Ground-breaking research by the University of Durham, UK, explores the origins of art through the way humans see; as published in the Spring 2022 issue of Archaeology Worldwideclick here to read the FULL feature (issue 6).

After around 40,000 years ago, our Homo sapiens ancestors began to create figurative art, drawing, engraving, and painting large herbivores, including horses, deer, bison and mammoths onto cave walls, tools, and other portable objects. But why did they do this? Why did they choose certain rock surfaces, or depict animals in profile or sometimes only partially? These are just some of the questions being explored by archaeologist Prof. Paul Pettitt, psychologist Prof. Bob Kentridge, and their Durham team.

We have all seen animals in clouds, or faces in a slice of toast, and we have all been spoked by shadows. And this, according to the team, may hold the key to understanding the origins of human figurative art.

Imagine you are in a dim cave with only a flickering tallow lamp to light your way. As the light and shadows dance around you, is quite likely that you will imagine seeing glimpses of things that are important to you. This is called ‘pareidolia’. At the height of the last Ice Age, Palaeolithic people in Europe depended on the large herbivores for their survival – bison, horses, mammoths, reindeer, et al, loomed large in their lives and their minds. Pareidolia is a product of the way the brain has evolved, to make quick sense of suggestions of threatening or valuable things: better to over-interpret and be wrong, than to be eaten or to starve.

But were cave depictions stimulated by pareidolia? The researchers wanted to test this hypothesis. If they were right, then the cave walls should affect modern viewers in the same way as our ancestors, given that we share their ‘suggestible’ visual system. For example, if a Palaeolithic artist painted a horse on a natural contour that evoked (in their mind) the shape of a horse’s back, then ‘all’ the researchers had to do was to erase the art and track the eyes of modern participants to see if they pareidolically saw the same thing as the Palaeolithic artist.

How to scrub out ancient art and test modern eyes? The answer: modern computer technology. The team recreated digital 3D models of Spanish caves using high-res computer photogrammetry. A participant would then explore the caves in Virtual Reality, armed with a virtual flickering torch for illumination.

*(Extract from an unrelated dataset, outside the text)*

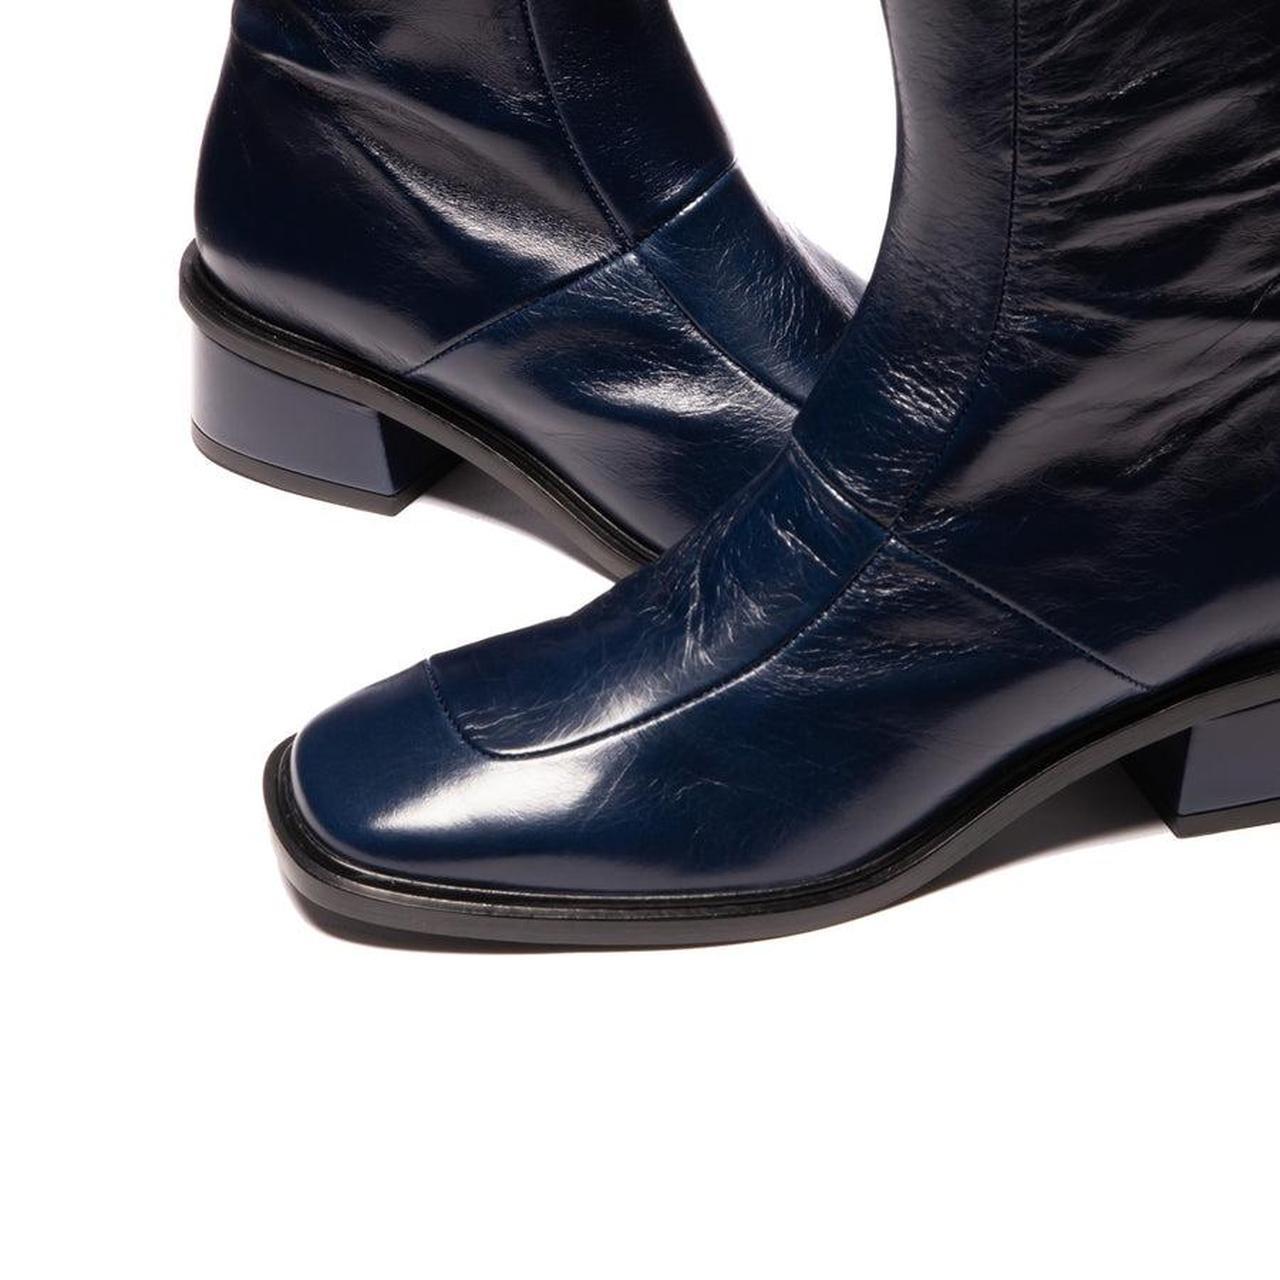 & Other Stories Women's Navy Boots (3)

The team asked them about what they saw, or imagined what they saw, and also tracked the participants’ eye movements from inside the VR headset, to build up a detailed picture of what they saw, and what was attracting their attention. The results were satisfying, with modern participants often directing their gaze to the same locations – even when they were just viewing a bare wall. Moreover, the findings fitted with the results of the team’s next study.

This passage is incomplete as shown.